But if you have the courage or are driven by your own sense of self-importance and can put out of your mind your loved ones, the a-b-c of reporting couldn’t be simpler or more rudimentary. The stories literally present themselves packaged and ready to go, with no annoying questions by editors who want to slow down the process by painful fact checking and due diligence.

You never forget the first time a gun is pointed at you. For me it was in the summer of 1992 in Mogadishu, Somalia where the country was being torn apart by a civil war and its capital resembled a hell which not even Ridley Scott could capture in Black Hawk Down. It was a security guard in a compound who wanted me to leave. I resisted and argued with him in Swahili until I heard the definitive click of the hammer on a Colt 45 1911 being pulled back and the muzzle pointed at me. “D’toka sai yee” (get out now) was all he had to say as my heart thumped so hard I was convinced it was jump completely out of its rib cage.

Getting the builders in

You also never forget the first time you hear the distinctive faint whistle noise of a 7.62mm round as it passes your ears. And you defiantly never forget the awkwardness of not knowing what to do when people are actually firing at you which also happened to me in Mogadishu a couple of days later where I was naively confused by parts of the wall next to me exploding. I stupidly thought that the summer heat was making the cement crack or that perhaps workman were drilling it from the other side. What an idiot. Well, I was in my mid 20s.

Somalia was my first conflict. Others followed in East Africa including Rwanda and Southern Sudan in ’94 and then later the former Yugoslavia in ’97 and ’98, Lebanon ’06, Afghanistan ’08. In all those times, I lost count of the whistling bullet noises of the number of times militias pointed guns in my face and how the sight of dead bodies shocks and yet intrigues at the same time. In 1994 in Southern Sudan I was specifically sent to a region which was being bombed by the Khartoum regime from Anthonovs which were barely visible at 18,000 feet. I was sent there to be bombed on and film it which I dutifully did for what is now APTN news in London. The idea today that AP, which is barely a shadow of itself compared to those days, would send a freelance journalist on such a suicide mission is unthinkable.

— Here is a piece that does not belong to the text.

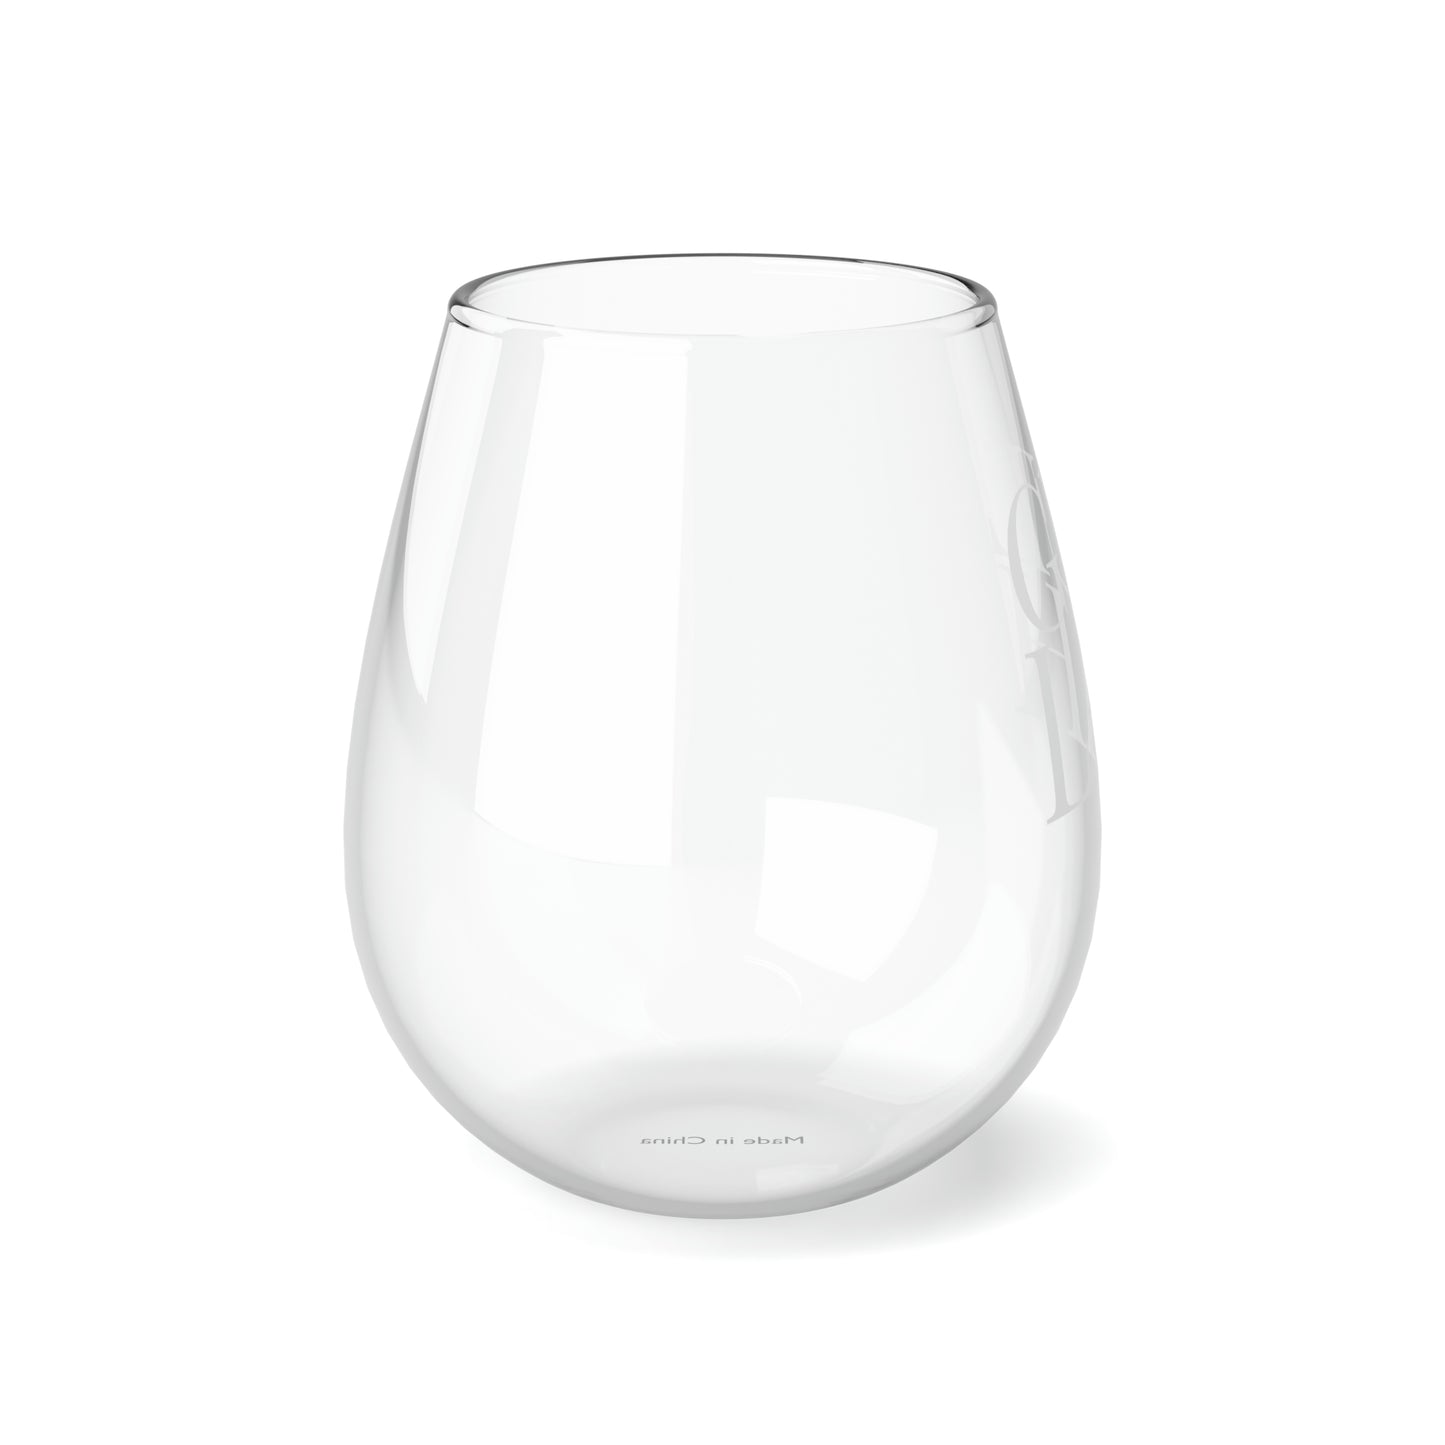 Gullah Stemless Wine Glass, 11.75oz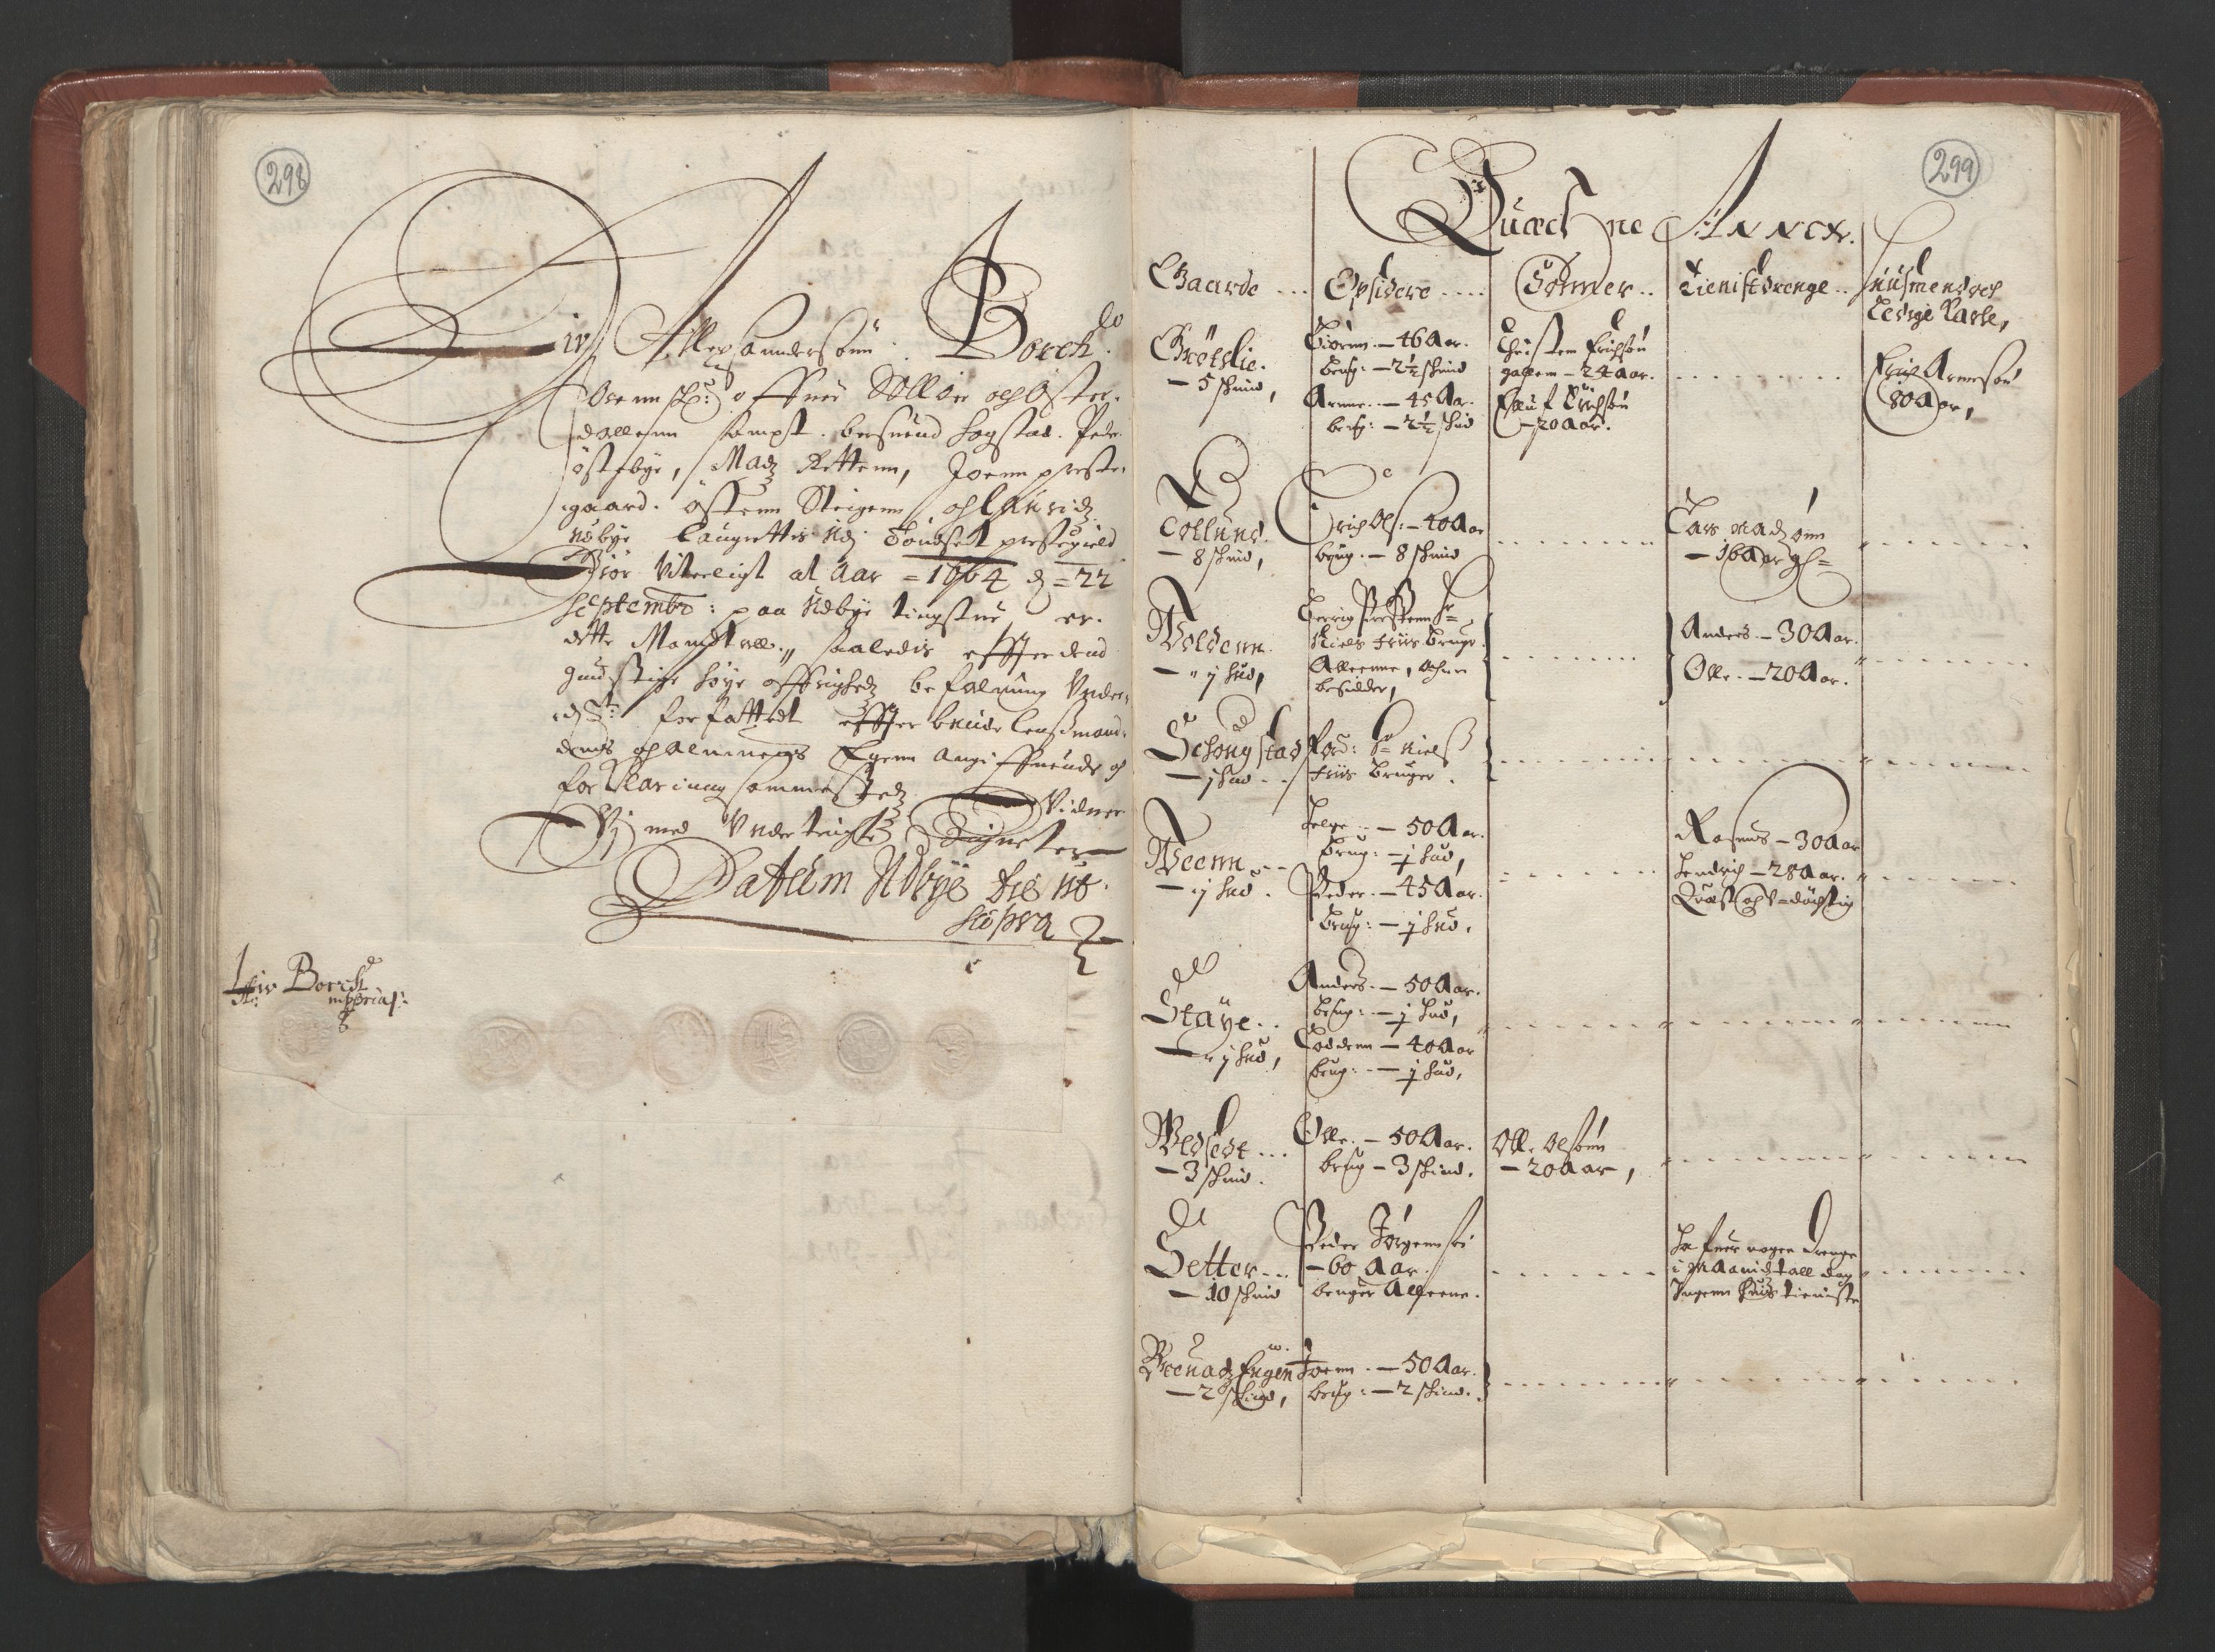 RA, Fogdenes og sorenskrivernes manntall 1664-1666, nr. 3: Hedmark fogderi og Solør, Østerdal og Odal fogderi, 1664, s. 298-299

In all that time though I was aware how the strength of the story more or less dictates your role to document, film, replicate the events for history. What I was to imagine would be the diligence of journalism wasn’t required. There wasn’t really any fact checking as, on a practical level, it was more or less impossible. When you arrived at a site of a massacre, you’re more or less hostage to the anguish and horror and the people who are there to fill in the gaps and put the story together. It’s absurdly easy, a child could do it. One of the things I learnt in all of those places was that the victims, even though they didn’t need to lie, did just that. Even when a massacre happened and it was pretty obvious who did it, there were still plenty of people who survived who sexed up the story when it was so sexed up already that it hardly needed it. The temptation is too much for those who are the victims, but also for the governments, regular armies and aid organisations when a journalist is there on the scene and he has shown that speed is of the essence to get the story processed and sent back. I wonder whether the Marioupol theatre bombing is one of these stories as the facts as they are presented leave more questions than answers and residents claiming that they had been told days beforehand by right wing groups sympathetic to Zelensky that they were going to bomb it themselves as an amoral ruse to draw NATO into the war. We saw exactly this ploy by Muslim groups in Sarajevo in the Yugoslav war who figured that they could bomb their own civilians and western media would point the fingers at the demonized Serbs in the hills – which became the basis of NATO airstrikes against Milosevic.

In the nineties, we relied very heavily on our editors in London to provide a layer of fact checking as we weren’t hooked up to the internet (certainly not in my Africa and Yugoslavia period).

A generation who knew right from wrong

You chose a side. Usually the one which is first of all the more practical to get to; and secondly the one which is going to give you the instantly vivid and horrific pictures. And mostly journalists, certainly not today, ever cross the line between where they are to the group which was the aggressor. I tried to do this in ’92 in Somalia in its capital which was divided by a north-south line and very nearly got shot by Aideed’s thugs who chased after me in the south. I literally ran for my life carrying bulky video equipment which would be in a museum today, it was so heavy. My friend Dan Eldon was not so lucky. Later on in 1993 he rushed to a scene of an attack by a U.S. helicopter and was beaten to death by angry women who made the connection between his pale skin and western imperialism which robbed them of their children.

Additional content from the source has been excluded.